I have a tennis dataset which has player 1 and player 2, sometimes a player is player 1 and sometimes they are player 2. The dataset also shows whether the player won or lost. With p1_win and p2_win, if the player won they receive a 1 and if they lose they receive a 0.
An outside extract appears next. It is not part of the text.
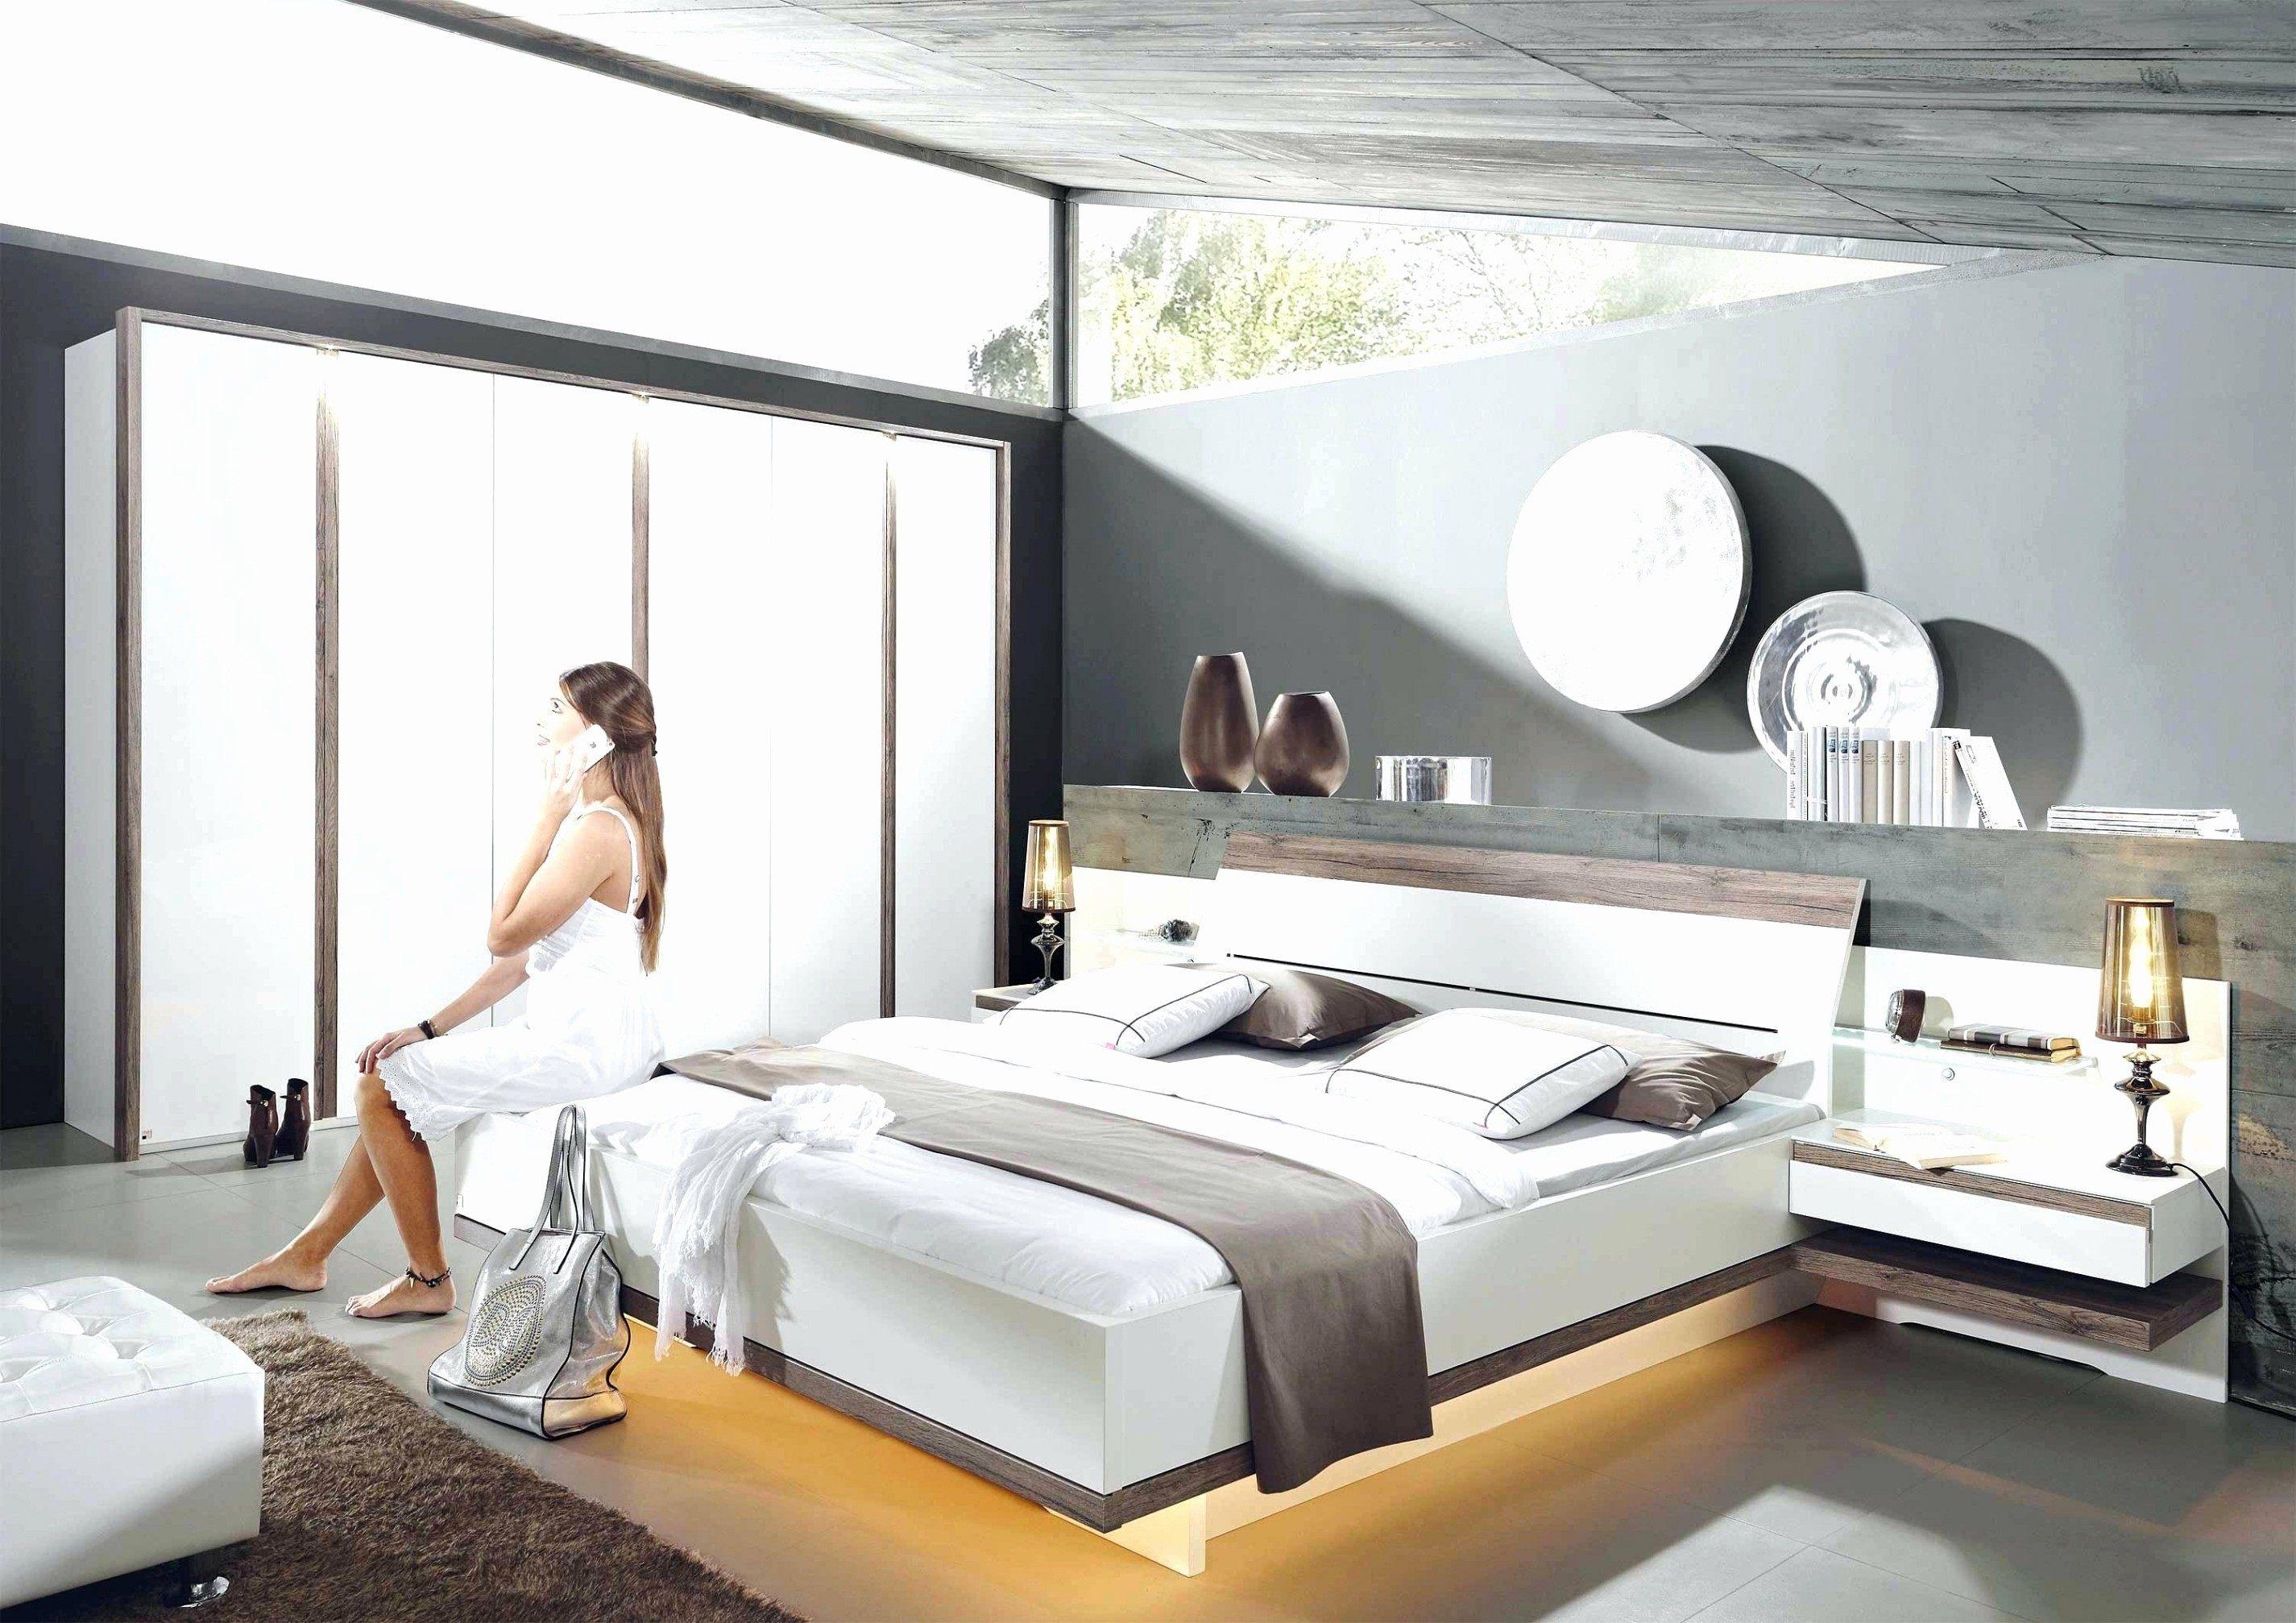 Lit 160×200 Bois Fraîche Lit Design 160—200 Prodigous Image Tate De Lit Bois Ikea Lit 160—200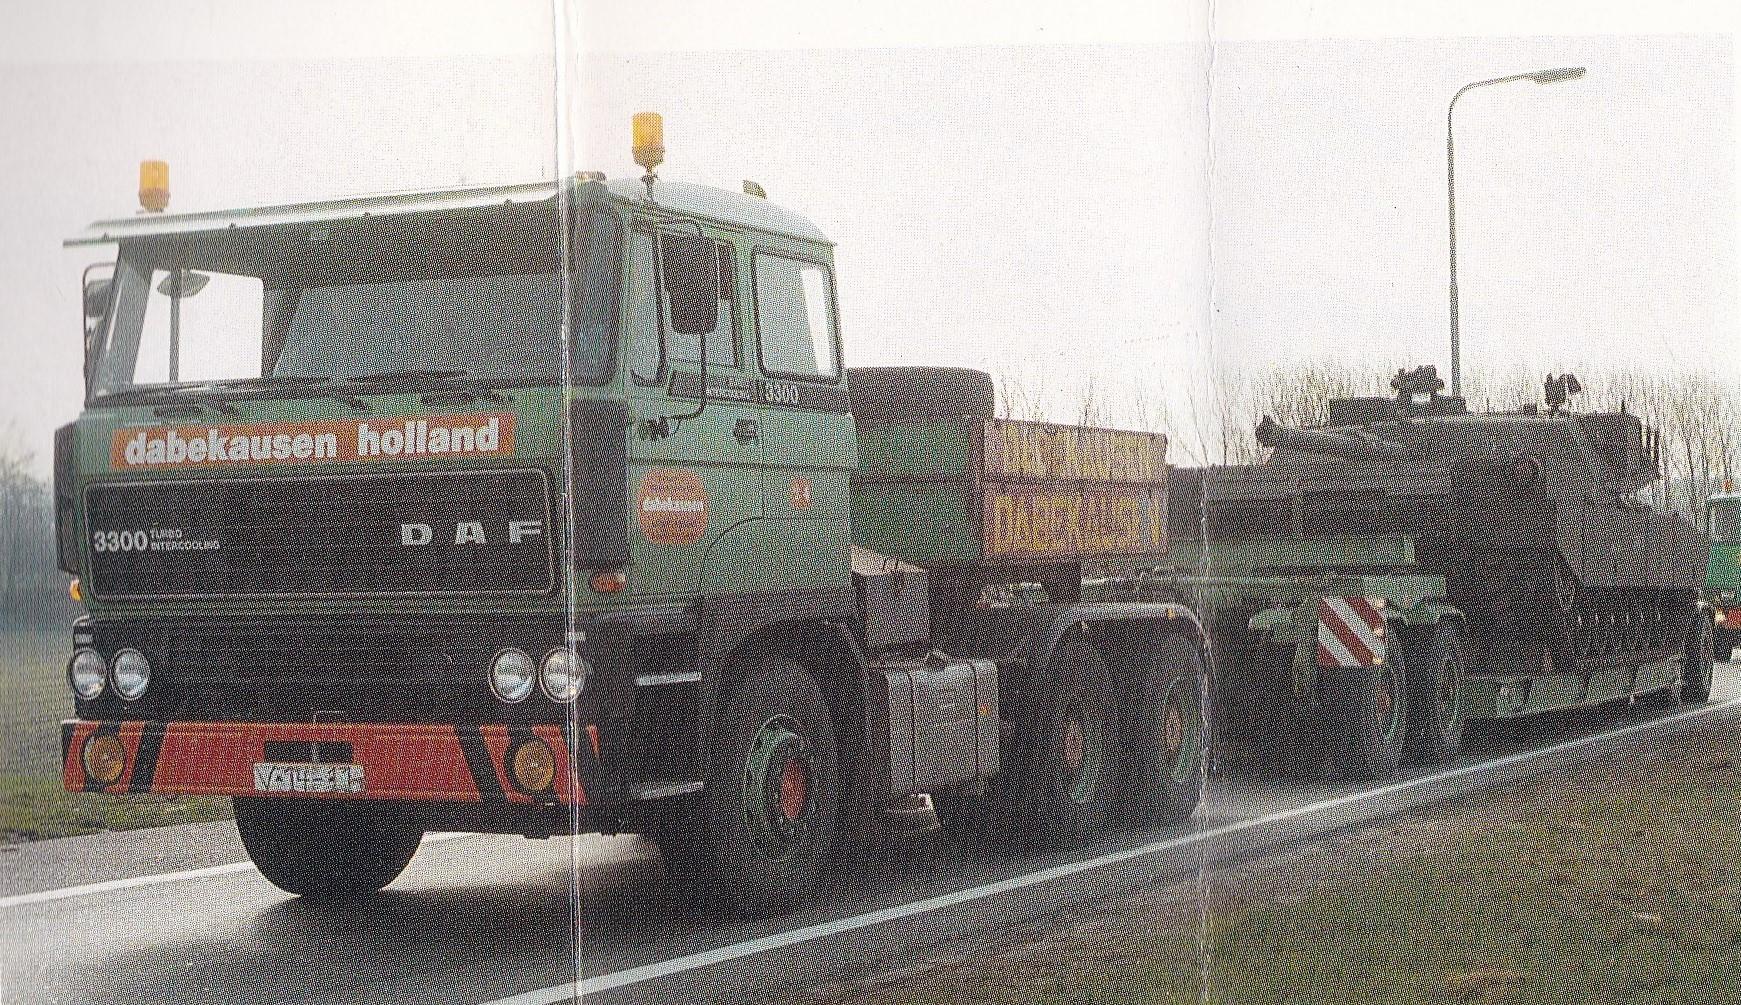 DAF-Dabekausen-Beek--met-tank-1986[853]

This is what I currently have
p1_name | p2_name | p1_win | p2_win |
---|---|---|---|
Nadal | Murray | 1 | 0 |
Murray | Nadal | 0 | 1 |
Murray | Nadal | 0 | 1 |
I would like to have a rolling count of how many games the player has won before the start of the match, like below
p1_name | p2_name | p1_win | p2_win | p1_totalwins | p2_totalwins |
---|---|---|---|---|---|
Nadal | Murray | 1 | 0 | 0 | 0 |
Murray | Nadal | 1 | 0 | 0 | 1 |
Murray | Nadal | 0 | 1 | 1 | 1 |
This is the current code I have:
df_list = []
for i in range(1, 3):
tmp = df[["match_id", f"p{i}_name", f"p{i}_win"]].copy()
tmp.columns = ["match_id", "player", "score"]
df_list.append(tmp)
df_long = pd.concat(df_list)
rolling_scores = df_long.sort_values("match_id").groupby("player")["score"].cumsum().cumcount().reset_index()
rolling_scores["score"] = rolling_scores.groupby("player")["score"].shift(1).values
for i in range(1, 3):
tmp = rolling_scores.copy()
tmp.columns = [f"p{i}_name", "match_id", f"p{i}_total_wins"]
df = df.merge(tmp, on=["match_id", f"p{i}_name"], how="left")
p1_win, p2_win columns are different across your two tables btw.
There are many ways to solve your problem. The simplest I could come up with that requires the fewest operations is shown below. This method requires maintaining external state outside of your dataframe.
external_state_dic = {}
def player_win_cumsum(row):
p1 = row["p1_name"]
p2 = row["p2_name"]
p1_wins = external_state_dic.get(p1, 0)
p2_wins = external_state_dic.get(p2, 0)
external_state_dic[p1] = p1_wins + row["p1_win"]
external_state_dic[p2] = p2_wins + row["p2_win"]
return p1_wins, p2_wins
df["p1_totalwins"], df["p2_totalwins"] = zip(*df.apply(player_win_cumsum, axis=1))